Ein Kessel Buntes: Reisezeit, Parkinsontreff und ... Mist, vergessen!

Kennt ihr das, wenn euch ein geläufiges Wort nicht einfällt, und der Kopf sich anfüllt mit allen möglichen anderen schönen Worten, nur das gesuchte versteckt sich in irgendeiner unscheinbaren Ecke des Gehirns? Zum Glück gibt es Smartphones mit Memo-Funktion. Und die erinnert mich an all die tollen und weniger tollen Einfälle, die ich im Laufe des Tages hatte... wenn ich nicht vergesse sie einzutragen. Zum Glück habe ich meine Ideen zu diesem Beitrag notiert. Und da sich bereits Verschiedenes angesammelt hat, gibt es heute ein Kessel Buntes.


Reisezeit
Der Winter ist nun offiziell vorbei. Auch wenn das Wetter es nicht hergibt, es ist tatsächlich Frühling. Und mit dem Frühling kommt die Reiselust. Mir ist aufgefallen, dass es eine Menge Leute mit Parkinson gibt, die gerne viel und weit reisen. Je weiter der Parkinson aber fortschreitet, desto komplizierter wird es mit dem Reisen. Jetzt hat die Europäische Parkinson Vereinigung EPDA einen Parkinson Reisepass entwickelt, in den alle wichtigen Daten für den Notfall eingetragen werden können. Es wird in knappen Worten erklärt, was Parkinson ist und wie man sich gegenüber dem Parkinsonpatienten am besten Verhält. Mann trägt Namen, Kontaktadresse und Medikamente ein. Der Pass kann auch ergänzt werden mit weiteren Informationsblättern, wie zum Beispiel zur Tiefenhirnstimulation. Er steht als freier Download zur Verfügung und ist auf English. Ich bin begeistert von diesem Angebot. 

Parkinson-Treff
Gestern fand das erste offizielle JuPeinander Regionaltreffen in Hamburg statt.
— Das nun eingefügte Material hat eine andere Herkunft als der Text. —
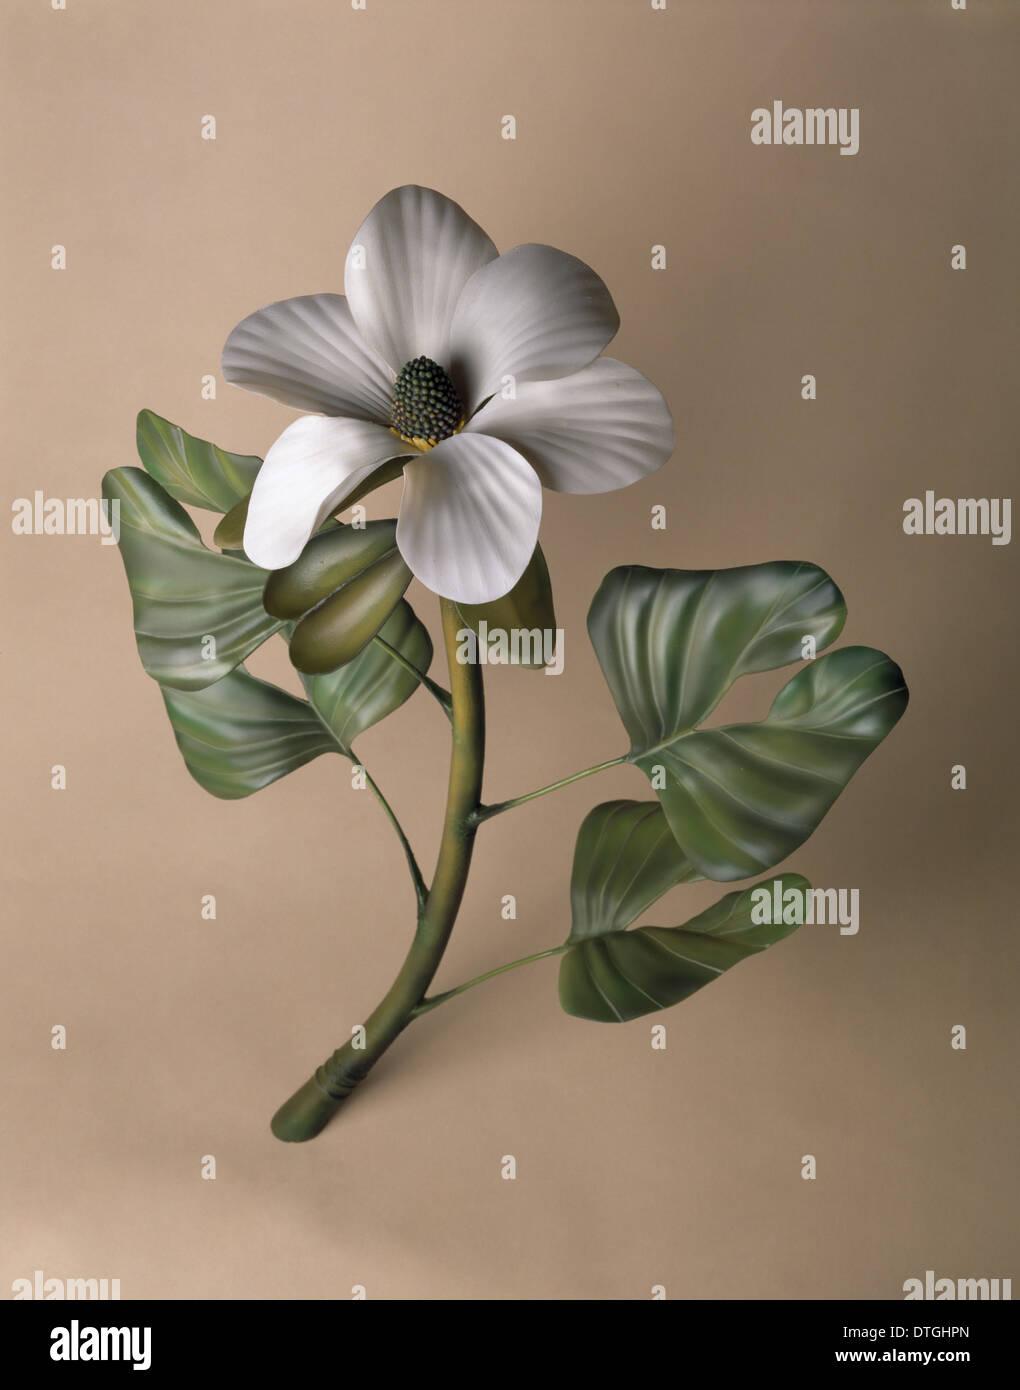 Modèle de plante à floraison hâtive. Photo Stock

Und ich sage euch, der Laden hat gebrummt! Es war eine ganz bunte und doch recht homogene Gruppe von Frauen und Männern voller Ideen und Vorschläge für die nächsten Treffen - die Liste wurde immer länger. Ganz lieben Dank an die beiden Organisatoren. Die  Gruppe ist sicher ein tolle Bereicherung für die Parkinson-Selbsthilfe Landschaft in Hamburg. Infos zu den nächsten Treffen gibt es auf der Webseite von Jung und Parkinson e.V.

Mist, vergessen!
... ist mir Dank des Memos im Telefon wieder eingefallen. Ich habe schon mehrfach Gespräche darüber geführt und gestern beim JuPeinander kam es auch wieder auf. Kennt ihr das, wenn man zum Beispiel schwanger ist und auf einmal auf der Straße förmlich von Schwangeren umzingelt ist? Oder wenn man ein Auto in einer ungewöhnlichen Farbe gekauft hat und plötzlich hat jede*r Dritte den gleichen Wagen? So kann es auch Leuten mit Parkinson gehen. Man sieht auf einmal überall Leute mit der typischen nach vorne gebeugten Parkinson-Haltung, die beim Gehen schlurfen oder einen Arm festhalten, damit niemand das Zittern sieht. Dann stellt sich die Frage: Spricht man die Leute darauf an? 

Aber was ist, wenn sie es noch gar nicht für sich realisiert haben, dass sie an Parkinson erkrankt sind? Oder sie stecken mitten in einem Verdrängungsprozess. Vielleicht haben sie Hemmungen, offen darüber zu sprechen, vielleicht haben sie gar nicht Parkinson.. es gibt so viele Gründe weshalb man diese Leute nicht ansprechen sollte, vor allem wenn es sich um wildfremde Menschen auf der Straße handelt. Schließlich habe ich keine Ahnung, wie sie reagieren könnten. Ich habe für mich entschieden, es zunächst sein zu lassen. Wie seht ihr das?